2. To find the area of the region bounded by the given curves, we can graph the equations and find the points of intersection. From the given equations, we have:
x = y^2 + 6, x = 0, y = -6, and y = 7

Graphing these equations, we can find that the curves intersect at y = 3 and y = -3. These will be the limits of integration.

Next, we need to integrate the difference of the two functions over the interval [-3, 3]. Since the upper curve is x = y^2 + 6 and the lower curve is x = 0, the integral to find the area is:

∫ [y^2 + 6 - 0] dy

Simplifying, we get:

∫ [y^2 + 6] dy

Integrating term by term, we have:

[y^3/3 + 6y]

Evaluating this integral from -3 to 3, we substitute the limits of integration into the expression:

[(3^3/3 + 6 * 3)] - [(-3^3/3 + 6 * -3)]
[(27/3 + 18)] - [(-27/3 - 18)]

Simplifying further, we obtain:

[(27/3 + 18)] - [(-27/3 - 18)]
[9 + 18] - [-9 - 18]
[9 + 18] - [-27]

The final result is:

27 - (-27) = 27 + 27 = 54

Therefore, the area of the region bounded by x = y^2 + 6, x = 0, y = -6, and y = 7 is 54 square units.

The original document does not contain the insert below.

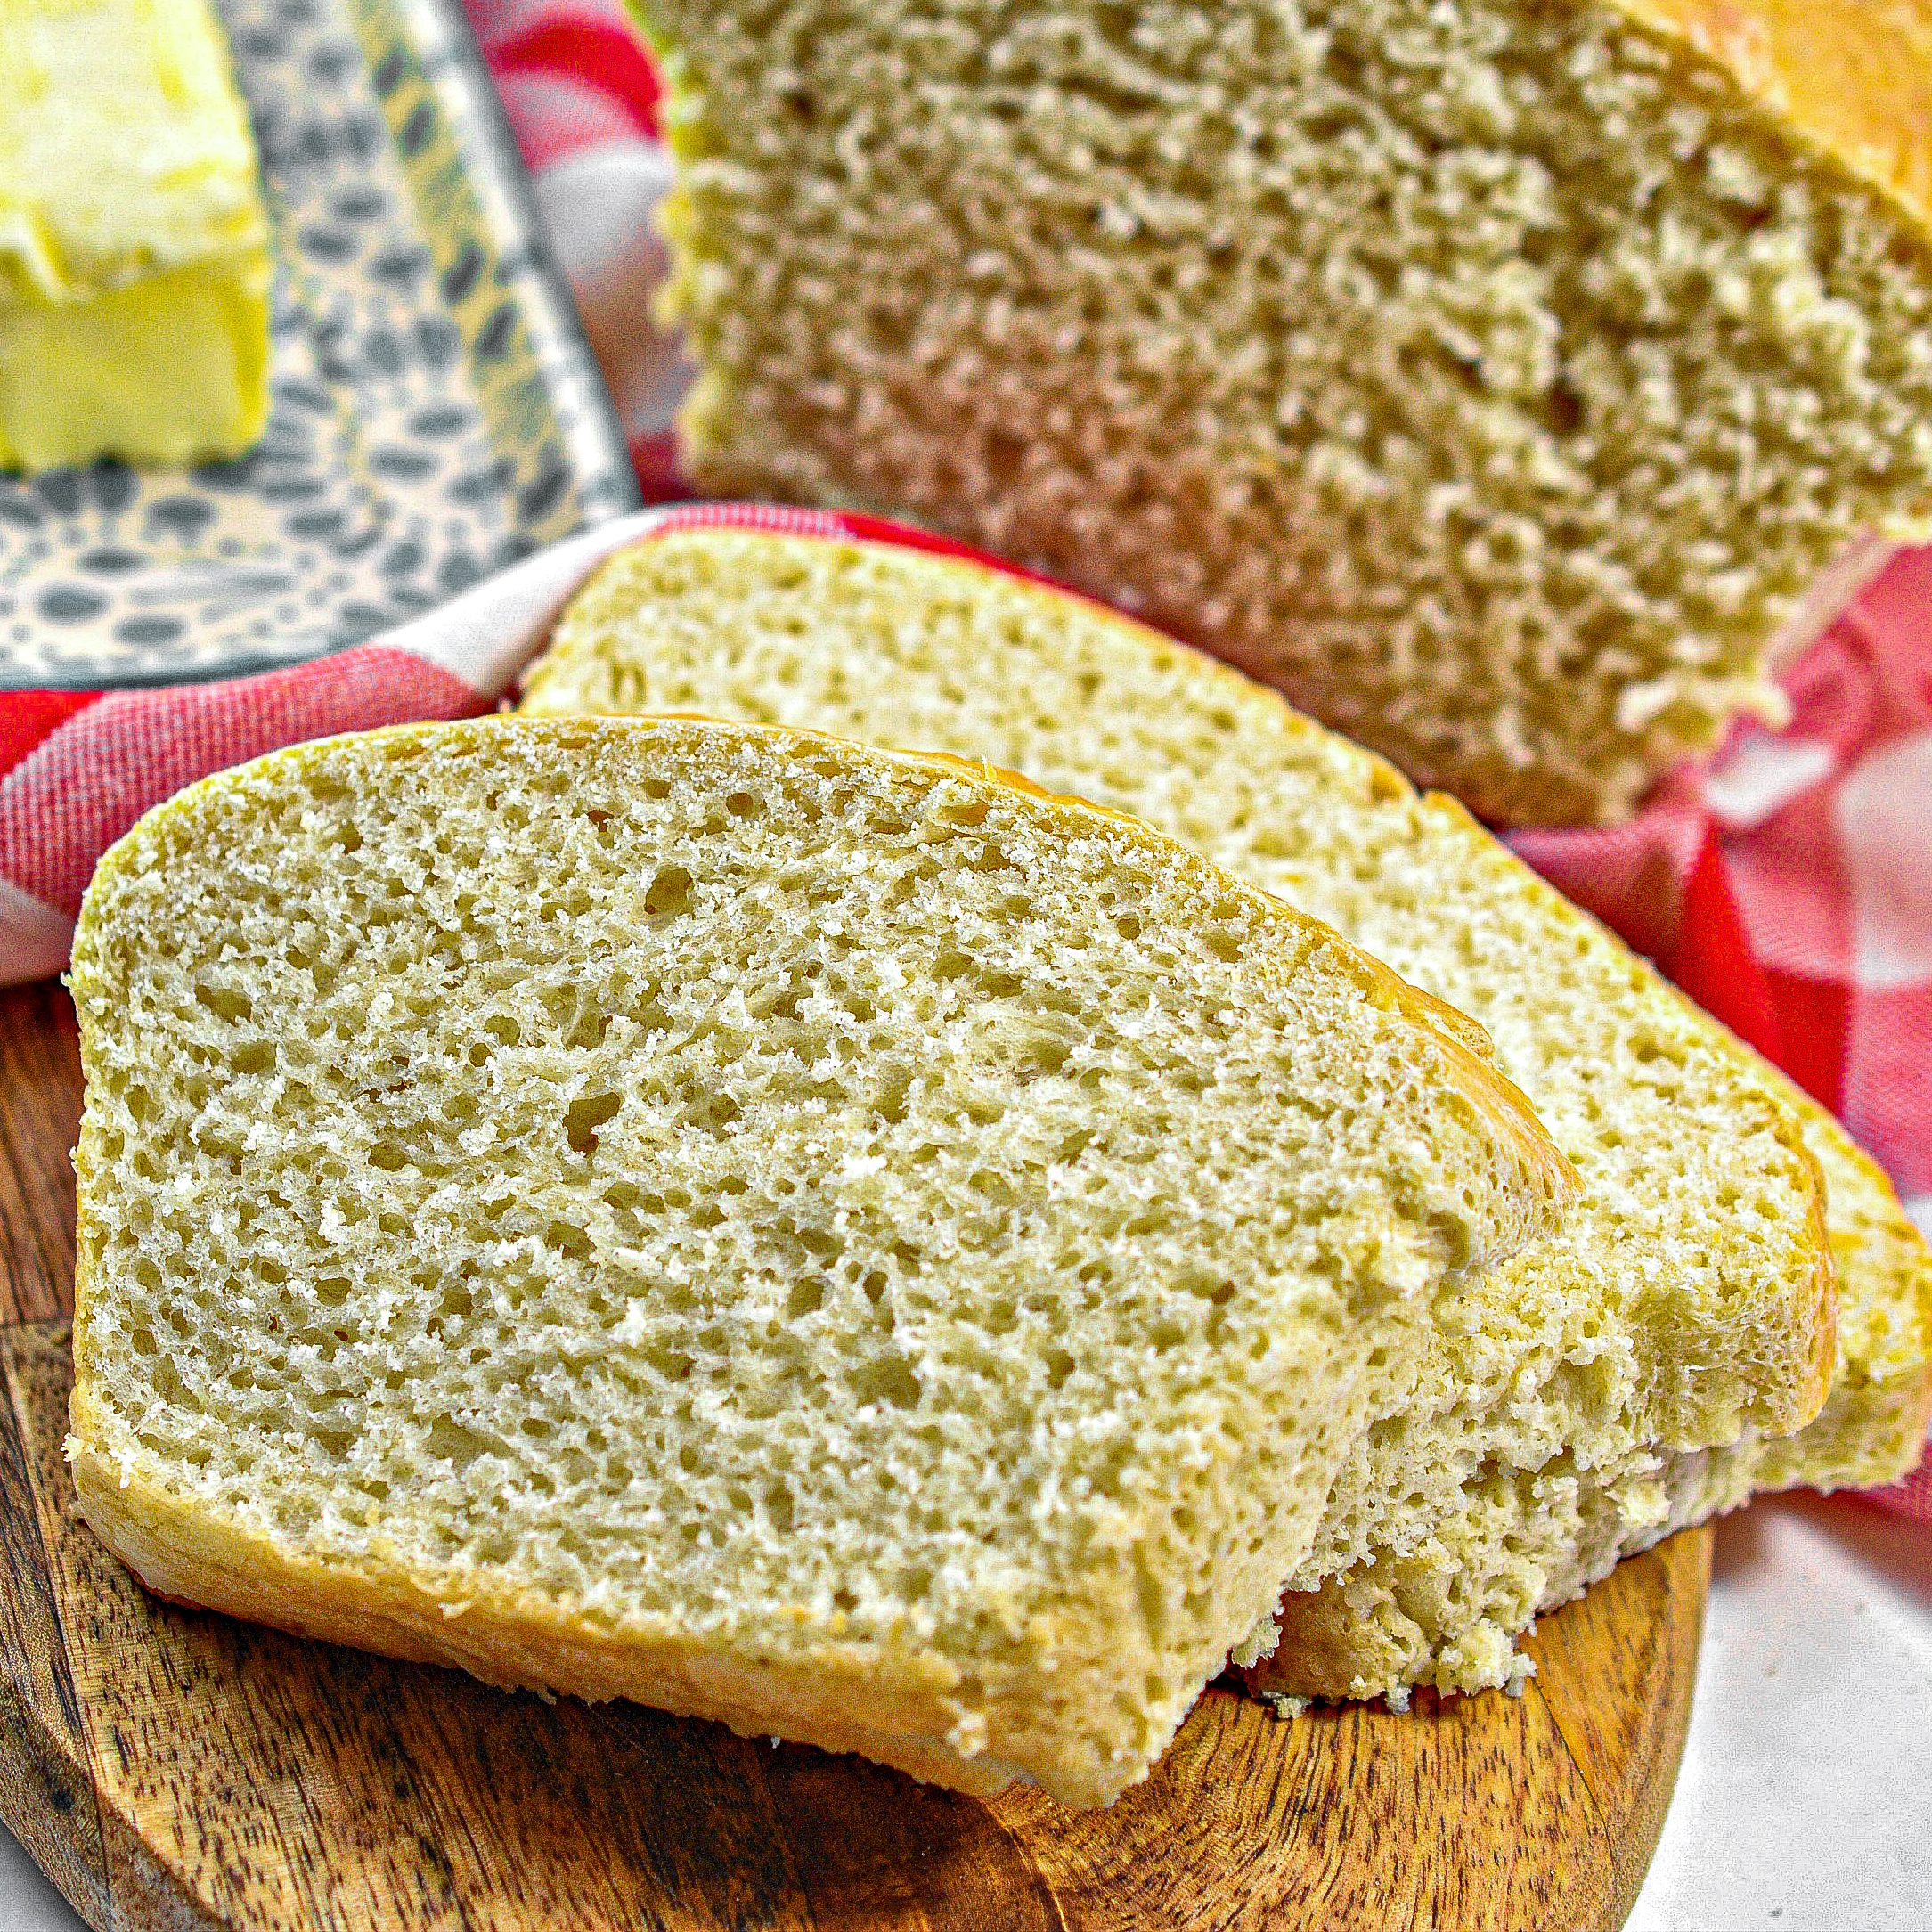 Grandma’s Country White Bread, country white bread, white bread, homemade bread
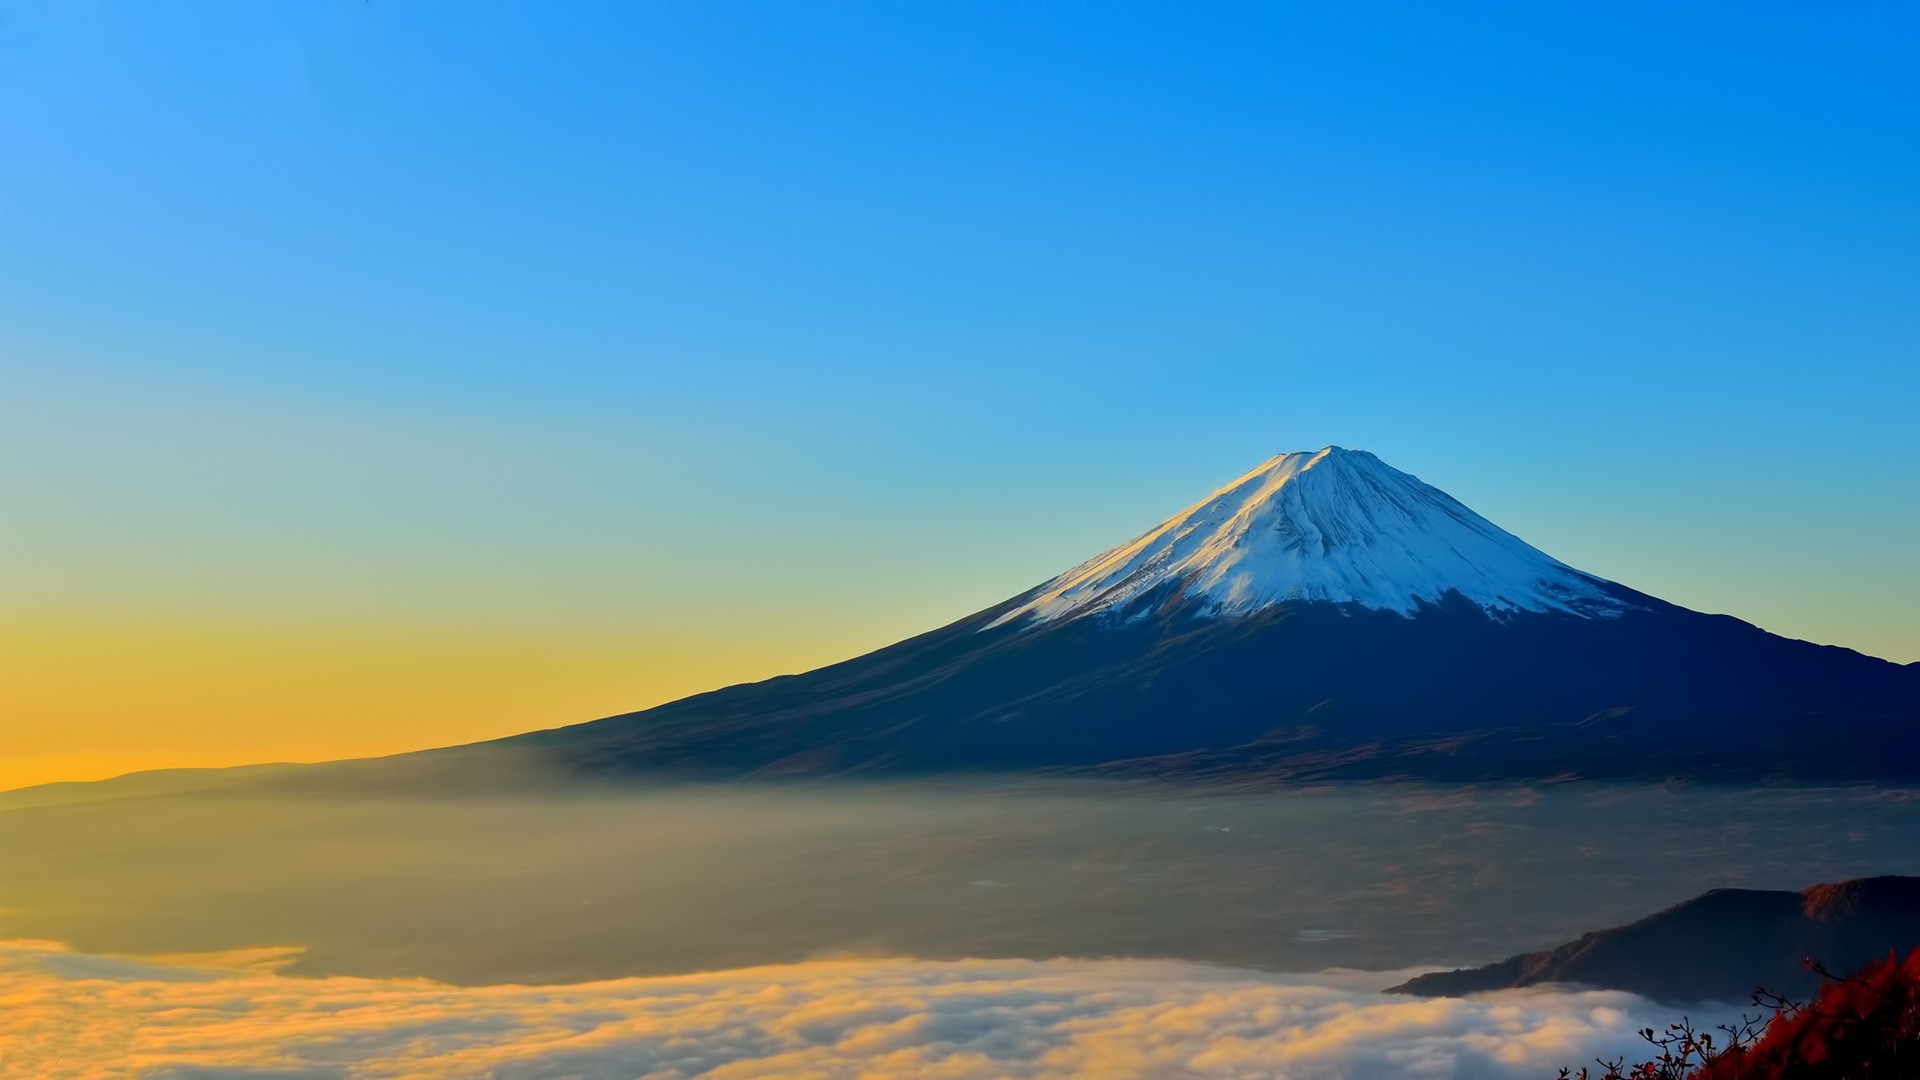 General 1920x1080 landscape Mount Fuji Japan mist Asia snowy peak volcano

3. To find the volume of the solid generated by revolving the region bounded by the given graphs about y = 3, we can use the method of cylindrical shells.

First, we need to find the points of intersection of the two graphs. Since the equations of the given graphs are not provided, we need them to determine the points of intersection.

Once we have the equations, let's say x = f(y) and x = g(y), we can equate them to find the intersection points.

After finding the intersection points, we need to set up the integral that represents the volume of the solid generated by rotating the region between the two curves about y = 3.

The integral to find the volume is given by:

V = ∫ [2π(y - 3) * (g(y) - f(y))] dy

Here, (g(y) - f(y)) represents the height of a cylindrical shell at a given value of y, and (y - 3) represents the distance of the cylindrical shell from the axis of rotation.

Once the integral is set up, we can evaluate it and obtain the exact answer for the volume.